Whose type is immutable.Iterable[T1], we can convert this into a list by calling toList at the end, and then we'll be able to use the single object along with its children easily:

> val t1s = results.groupBy(_._1).map {
	case (t1, tuples) => {
		t1.t2s = Some(tuples.map(_._2))
		t1
	}
}.toList
> t1s(1).t2s
Option[List[T2]] = Some(List(T2(1,boz,1), T2(2,baz,1), T2(3,bar,1)))

There's not much to be said about this, we've grouped by the class T1 at first. With case classes, this means that the comparator is based on the items in the constructor (so t2s does not affect comparing two T1s) and we'll end up with a list of Tuples for the value and a T1 for each key. Mapping over this we can get both key and value of the map by using the case (t1, tuples) statement. Traversing the tuples and collecting only the T2s is simple to do with another map inside the case statement.

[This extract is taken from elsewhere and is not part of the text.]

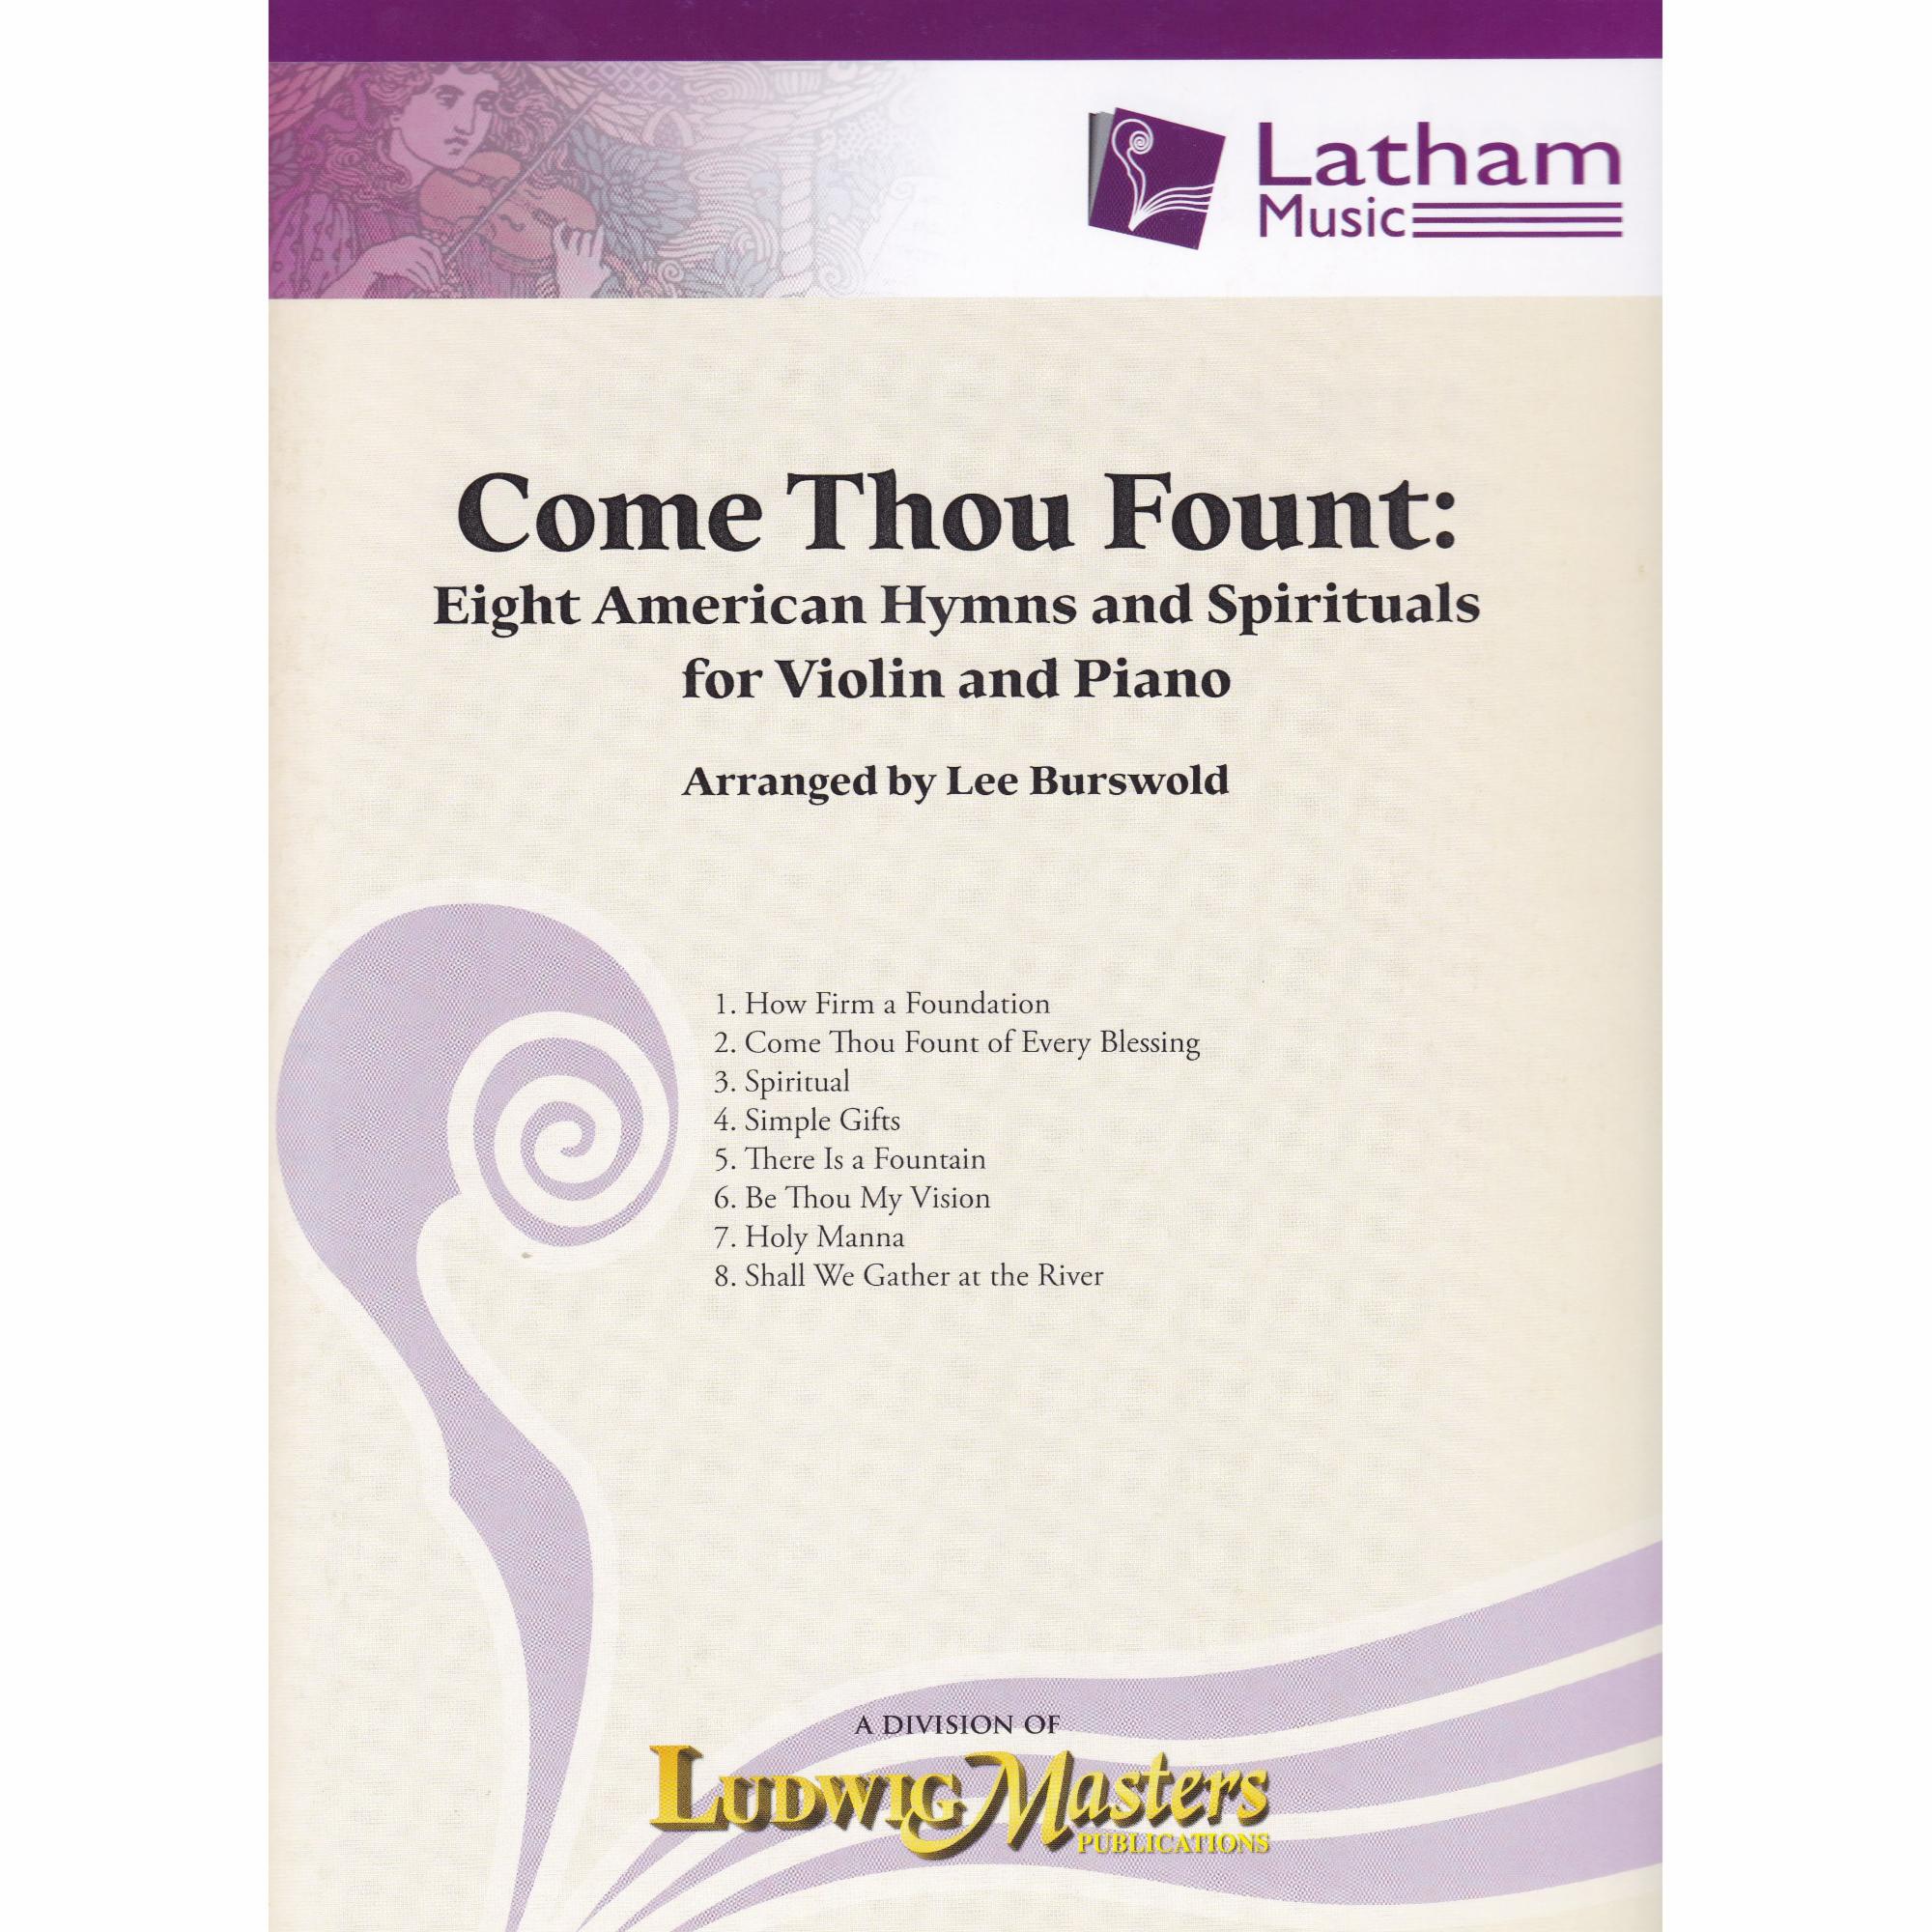 Come Thou Fount: Eight American Hymns and Spirituals

You might be wondering, why are we using Option[List[T2]]? This is so we can implement performant look ups via a pattern I've started using in my own work:

case class T1(id: Int) {
	var someChild : Option[List[Child]] = None
	def getChild() = {
		if(!someChild.isDefined) {
			Child.getById(this.id)
		}
		someChild
	}
}

The benefit to this pattern is that you can retrieve a single object from the database, then only get the children if you need them. (This is the two query approach), but you can also use a join statement and assign the children to the object (as we've done above) and then still call getChild and it will not go to the database.

This is beneficial because your client code for your view only ever calls a single method getChild and you don't have to worry about if your data came from a join statement, or hasn't shown up yet. If you're not careful you will end up with an N+1 problem, but so long as you are mapping appropriately you won't hit it and can aggregate the joined information onto the parent side of the relationship in one shot.

As a final tip, it can quickly become unreadable as you join more and more tables. Therefore it is wise to abstract your aggregation functions into seperate helper methods like so:

private def _aggChildrenFromJoinToParent(t1: Recipe, tuples: List[(T1, T2)]) = {
	t1.t2s = Some(tuples.map(_._2))
	t1
}
private def aggChildrenFromJoinToParent = (_aggChildrenFromJoinToParent _).tupled

And then you can use it like so:

val t1s = results.groupBy(_._1).map(aggChildrenFromJoinToParent).toList

This is more readable if you have a large amount of mapping or child objects. What's going on is you are "tupling" the function. Treating the function as a partially applied function and then using it in place of the case statement.